Key questions to start your data analysis projects


What business problem do you think you are trying to solve?

This may seem obvious, but lots of people fail to ask it before jumping in. Notice here how I qualified the first question with “do you think?”. Sometimes the root cause of a problem is not what we think it is; in other words, this is often not what we initially think.

In any case, you do not have to solve the whole problem at once by trying to boil the sea. In fact, you should not take this approach. Project methodologies (such as agile) allow organizations to take an iterative approach and embrace the power of small batches.

What types and data sources are available to you?

To be sure, most, if not all, organizations store huge amounts of company data. Looking at internal databases and data sources makes sense. However, do not make the mistake of thinking that the discussion ends there.

External data sources in the form of open data sets (such as data.gov) continue to spread. There are easy ways to retrieve data from the Internet and get it back in a usable format – scraping, for example. These tactics may work well in academic environments, but scraping can be a sign of data maturity for businesses.

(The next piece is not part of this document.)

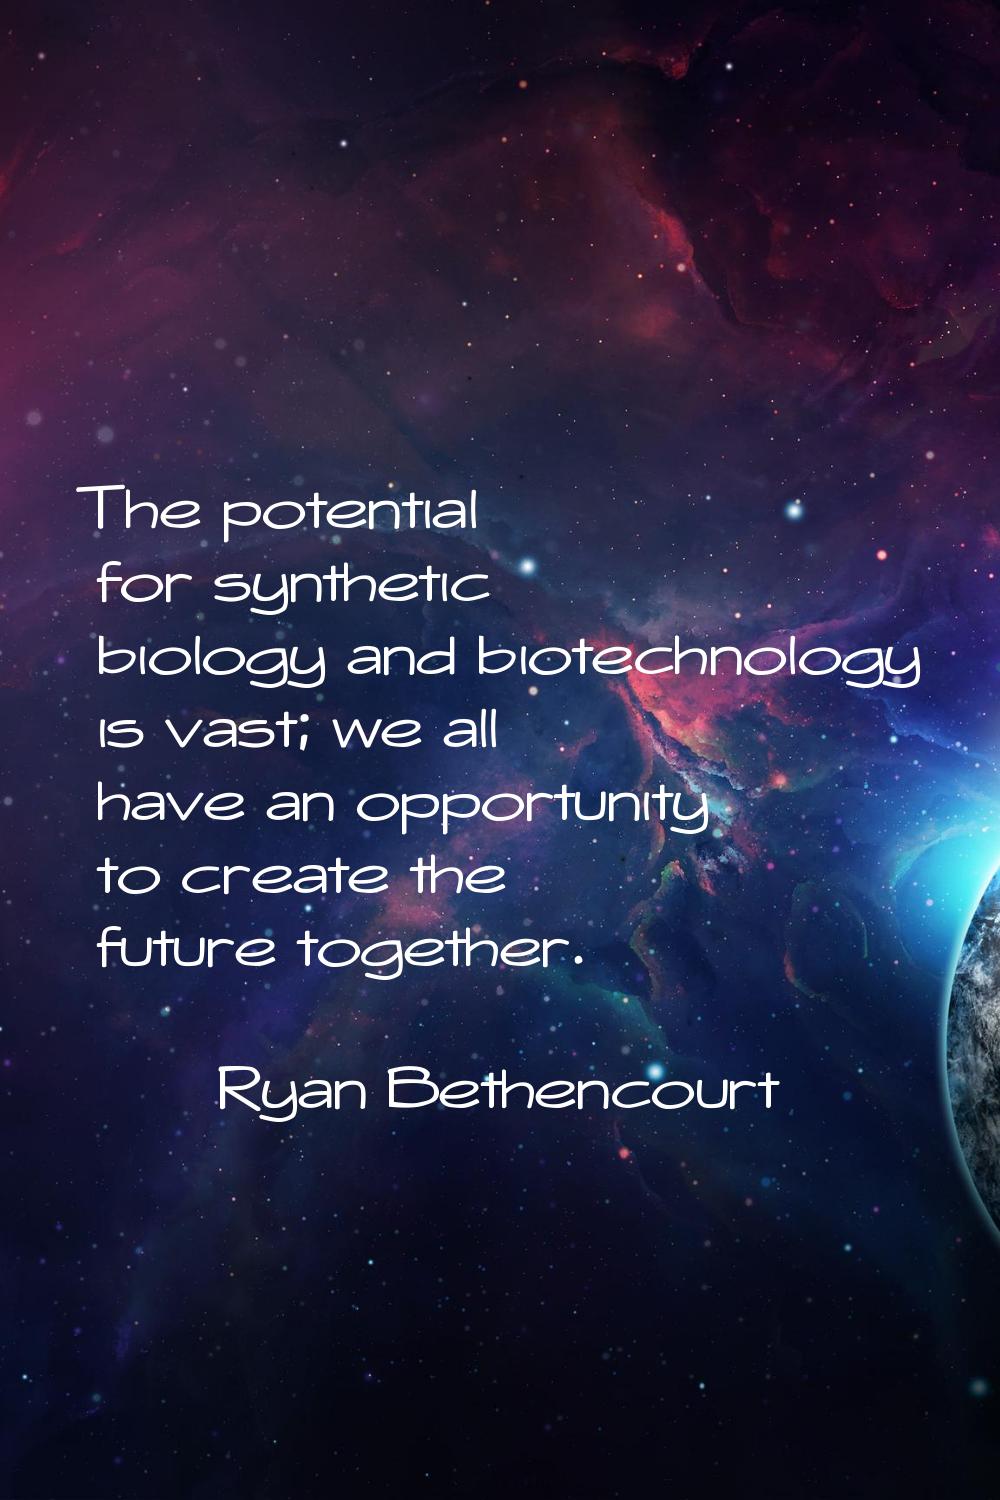 The potential for synthetic biology and biotechnology is vast; we all have an opportunity to create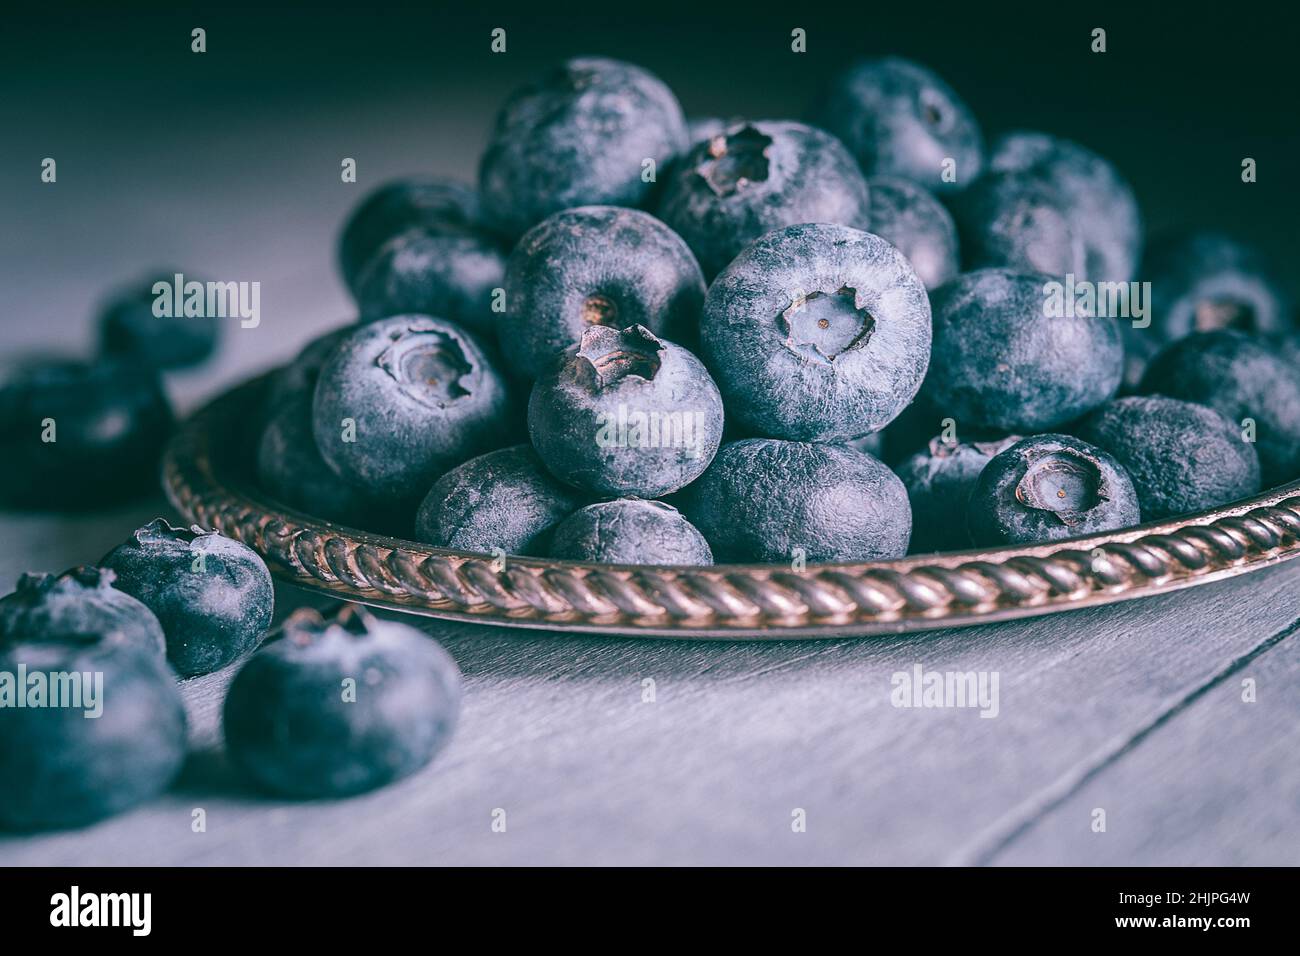 Blueberry antioxidant organic superfood in a bowl Stock Photo

It is always best to get your hands on the original data source whenever possible.

warning: Just because the organization stores doesn’t mean you can easily access it. Pernicious internal politics stifles many for an analytical endeavor.

What types and sources of data are you allowed to use?

With all the ship of privacy and security these days, foolish is the soul that fails to ask this question. As some retail executives have learned in recent years, a business can fully comply with the law and still make people feel decidedly icky about privacy when purchasing. Or consider a health care organization – it may not technically violate the 1996 Healthcare Transportation and Accountability Act (HIPAA), but it can still raise privacy concerns. Another example is GDPR. Adhering to this regulation means that organizations will not necessarily be able to use personal data they could use earlier – at least not in the same way.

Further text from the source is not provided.